On Sat, Oct 19, 2013 at 11:15:38PM +0100, Wayne Stallwood wrote:
To be honest that is quite a tough one. Most of the good places tend to be a bit device/platform centric.
Yes, I was going to reply to the OP in much the same vein, but was too lazy! :-)
I have some similar projects (in particular some work for amateur astronomers and also instrumentation on my boat).
As to how to decide what to use then I'd say it really comes down to how much of an OS your project needs, all the platforms you mention would be capable (at various degrees of overkill) of doing the two projects you mention.
On the Pi/BB you have the advantage of doing it all in userland at a very high level if you want, and using pretty much any language.
Arduino you get simplicity and the fun of doing it relatively close to the metal, but you are pretty much stuck with Arduino's Pseudo C++ like language (though if this sort of development tickles your fancy and you want to expand to other projects you can of course move (and even port your existing projects to) a grown-up AVR development environment quite easily)
I actually have a Pi and an Arduino and also something called Pokeys56E, none of them is anywhere near ideal. The difficulty is mostly in the nitty gritty hardware intefacing, getting voltages into the device in such a way that it's unlikely to kill it if/when spikes and noise come along.

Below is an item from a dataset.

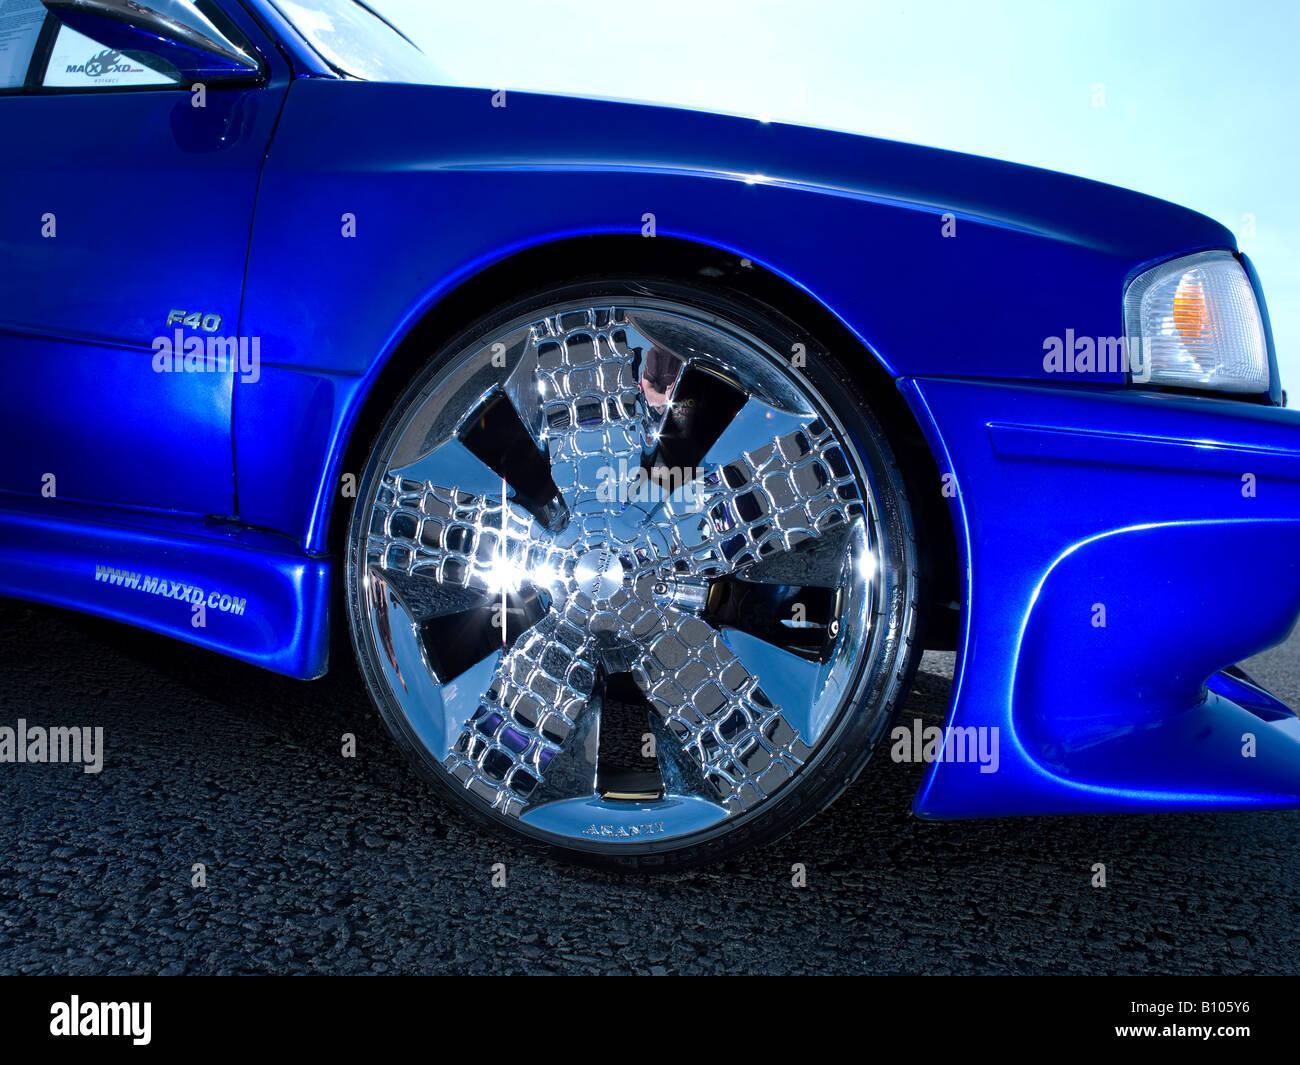 Chrome Wheel Rim Of Slammed Blue Ford Escort Modified Max Power Car

Currently on the boat I have an ancient 7" eeePc with a 1-wire to USB interface and sensors on the 1-wire bus. 1-wire is good for various measurements but doesn't seem to have voltage sensors. In fact *nothing* seems to offer decent voltage measuring sensors, there's lots of things with "A2D inputs" but nothing that offers an 'outside world facing' capable one.
In fact for your colleagues project there is something on arduino.cc which is already 80% of the way there.
http://arduino.cc/en/Tutorial/Datalogger.
Personally I wouldn't consider a Pi in any application where I didn't need it's Gfx/hdmi capabilities but that's because outside of those I don't believe it is a very good platform :D
It has the advantage of being really cheap though, same sort of price as many Arduino variants and *much* more accessible, especially to Linux aware people.
If you want something with a bit of both there's the Beaglebone Black, runs Linux but has lots of Arduinolike I/O capability. A little more money but not by much.